It is legal to perform a write using the lock stateid that was
originally associated with a read lock, or with a file that was
originally opened for read, but has since been upgraded.

So, when checking the openmode, check the mode associated with the
open stateid from which the lock was derived.

Signed-off-by: J. Bruce Fields <[email protected]>
---
fs/nfsd/nfs4state.c | 4 +++-
1 files changed, 3 insertions(+), 1 deletions(-)

diff --git a/fs/nfsd/nfs4state.c b/fs/nfsd/nfs4state.c
index d9c8232..b996a4b 100644
--- a/fs/nfsd/nfs4state.c
+++ b/fs/nfsd/nfs4state.c
@@ -2779,6 +2779,9 @@ __be32 nfs4_check_openmode(struct nfs4_stateid *stp, int flags)
{
__be32 status = nfserr_openmode;

+ /* For lock stateid's, we test the parent open, not the lock: */
+ if (stp->st_openstp)
+ stp = stp->st_openstp;
if ((flags & WR_STATE) && (!access_permit_write(stp->st_access_bmap)))
goto out;
if ((flags & RD_STATE) && (!access_permit_read(stp->st_access_bmap)))
@@ -3466,7 +3469,6 @@ alloc_init_lock_stateid(struct nfs4_stateowner *sop, struct nfs4_file *fp, struc
stp->st_stateid.si_fileid = fp->fi_id;
stp->st_stateid.si_generation = 0;
stp->st_vfs_file = open_stp->st_vfs_file; /* FIXME refcount?? */
- stp->st_access_bmap = open_stp->st_access_bmap;
stp->st_deny_bmap = open_stp->st_deny_bmap;
stp->st_openstp = open_stp;

--
1.7.0.4


2010-07-29 22:22:36

by J. Bruce Fields

[permalink] [raw]
Subject: [PATCH 1/5] nfsd: bypass readahead cache when have struct file

The readahead cache compensates for the fact that the NFS server
currently does an open and close on every IO operation in the NFSv2 and
NFSv3 case.

In the NFSv4 case we have long-lived struct files associated with client
opens, so there's no need for this. In fact, concurrent IO's using
trying to modify the same file->f_ra may cause problems.
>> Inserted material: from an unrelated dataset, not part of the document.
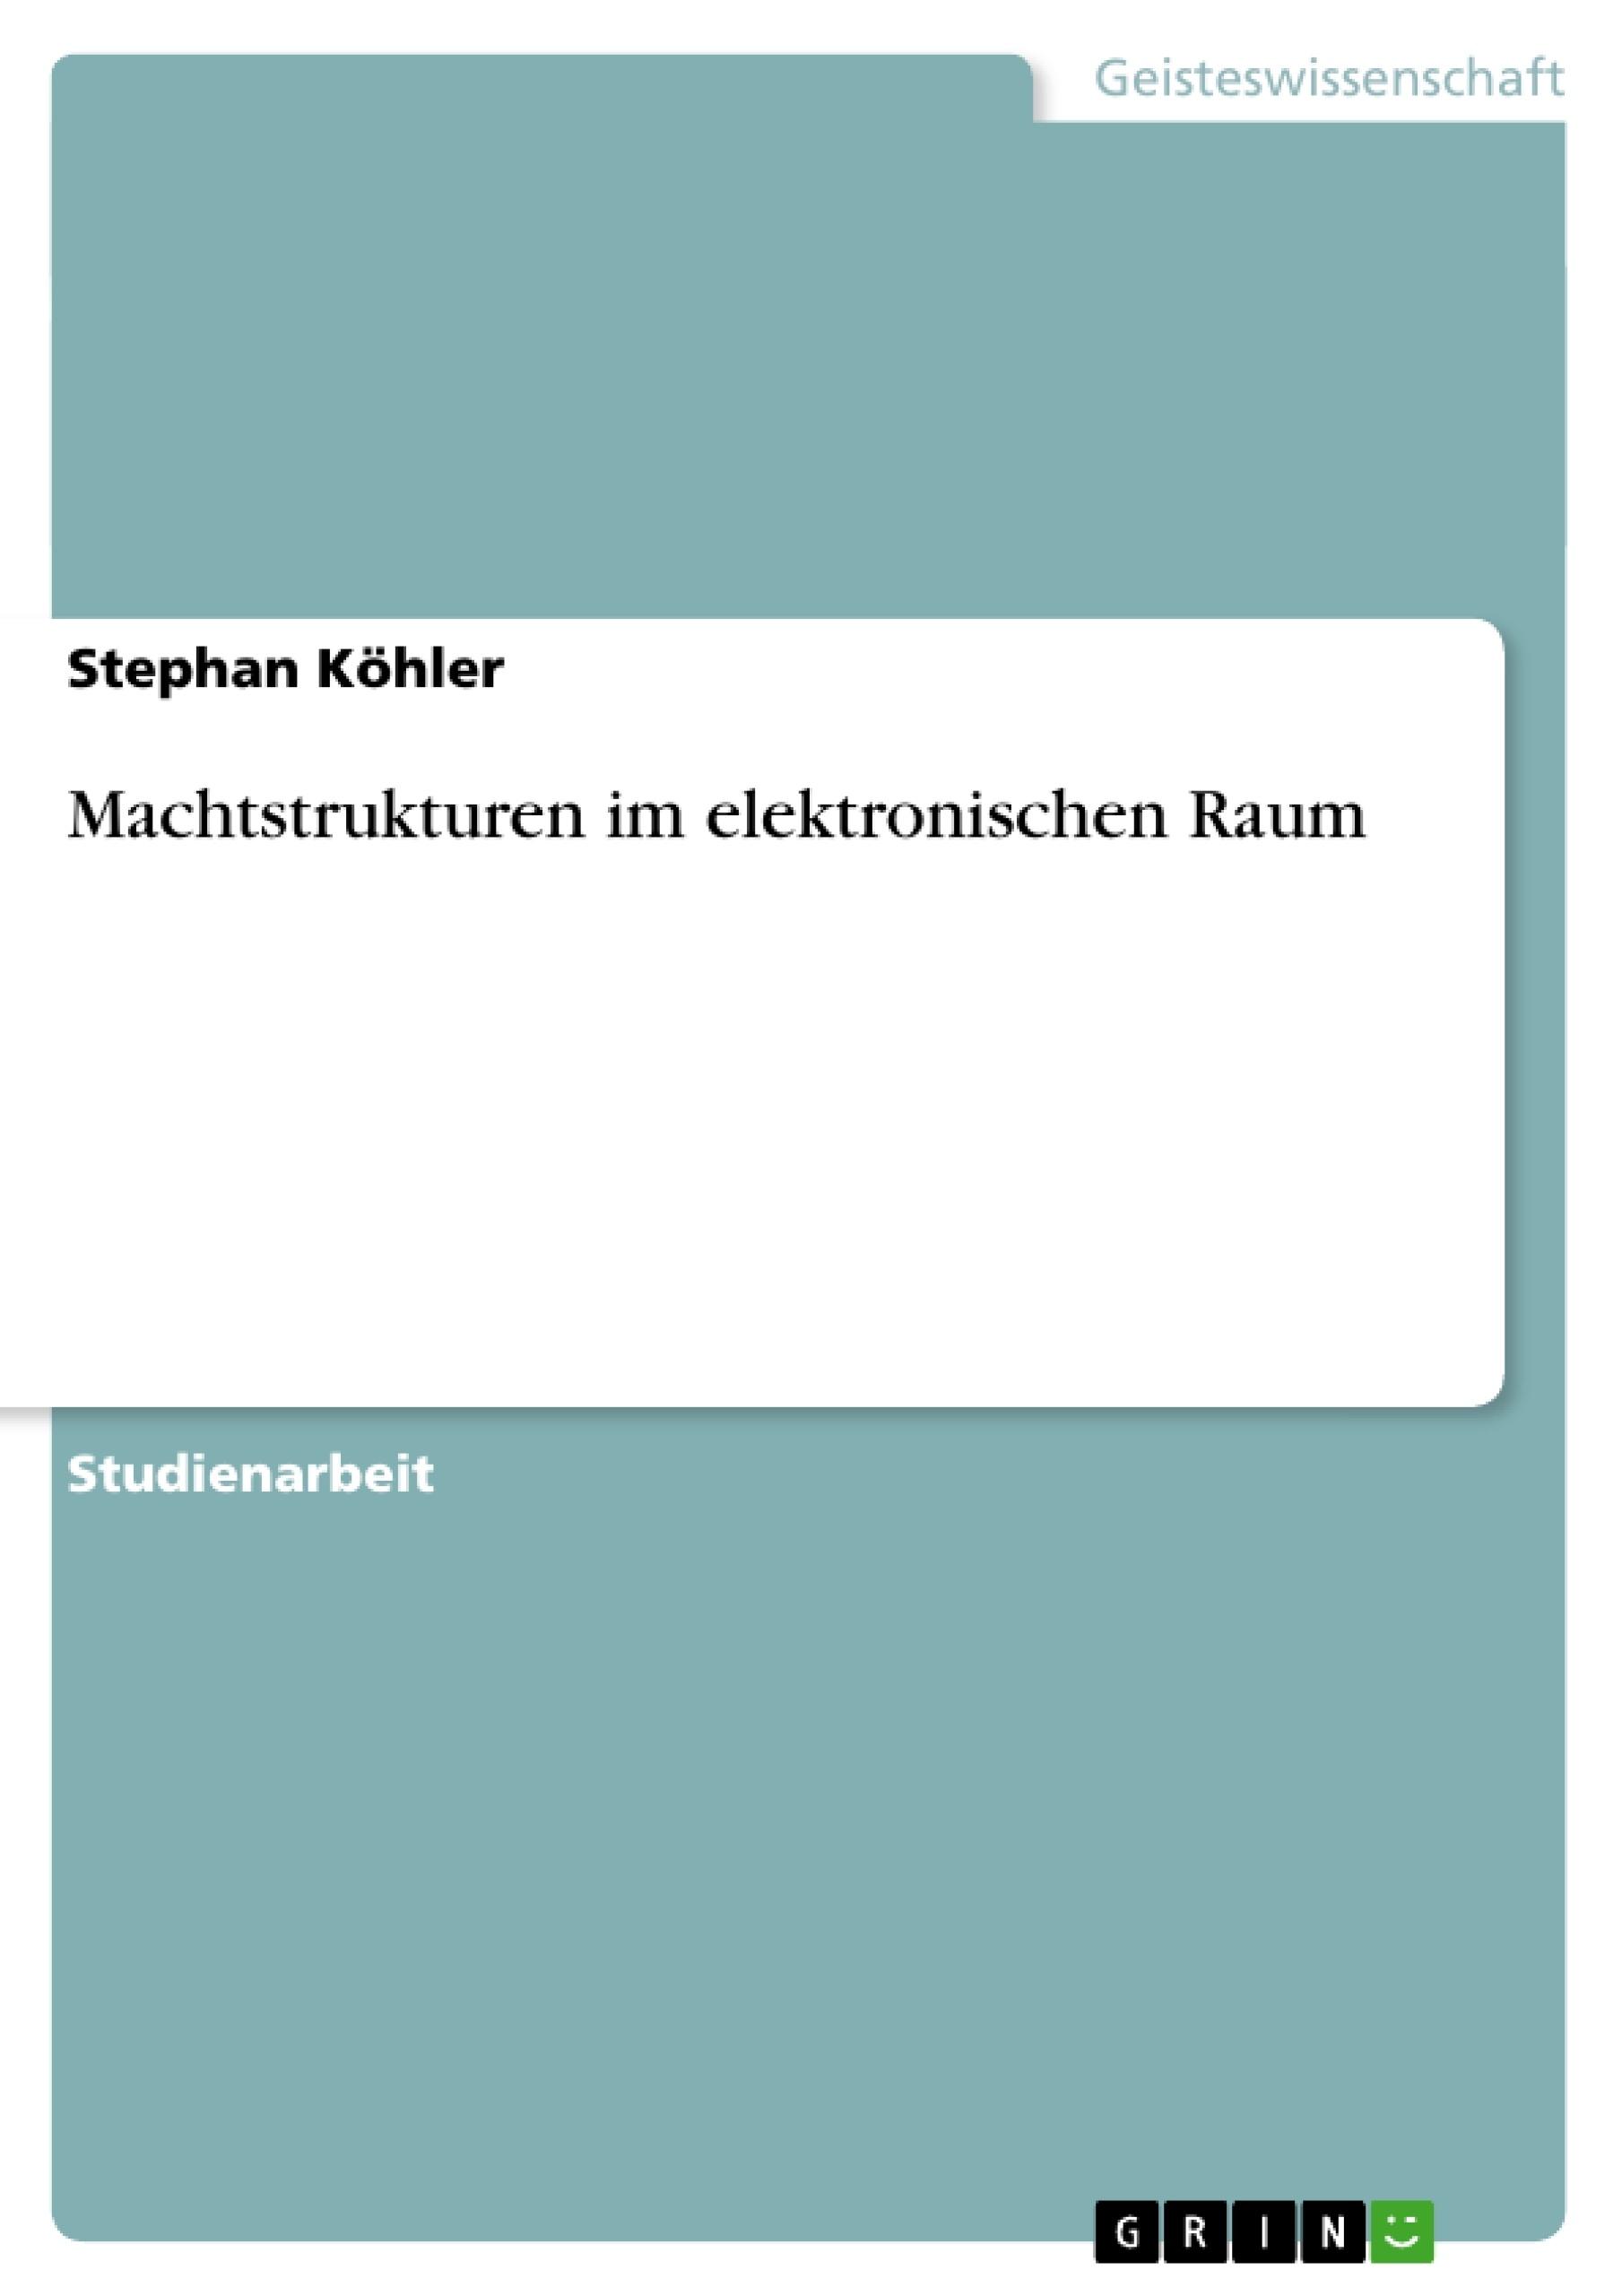 Titel: Machtstrukturen im elektronischen Raum

So, don't bother with the readahead cache in that case.

Note eventually we'll likely do this in the v2/v3 case as well by
keeping a cache of struct files instead of struct file_ra_state's.

Signed-off-by: J. Bruce Fields <[email protected]>
---
fs/nfsd/vfs.c | 62 ++++++++++++++++++++++++++++++++++----------------------
1 files changed, 38 insertions(+), 24 deletions(-)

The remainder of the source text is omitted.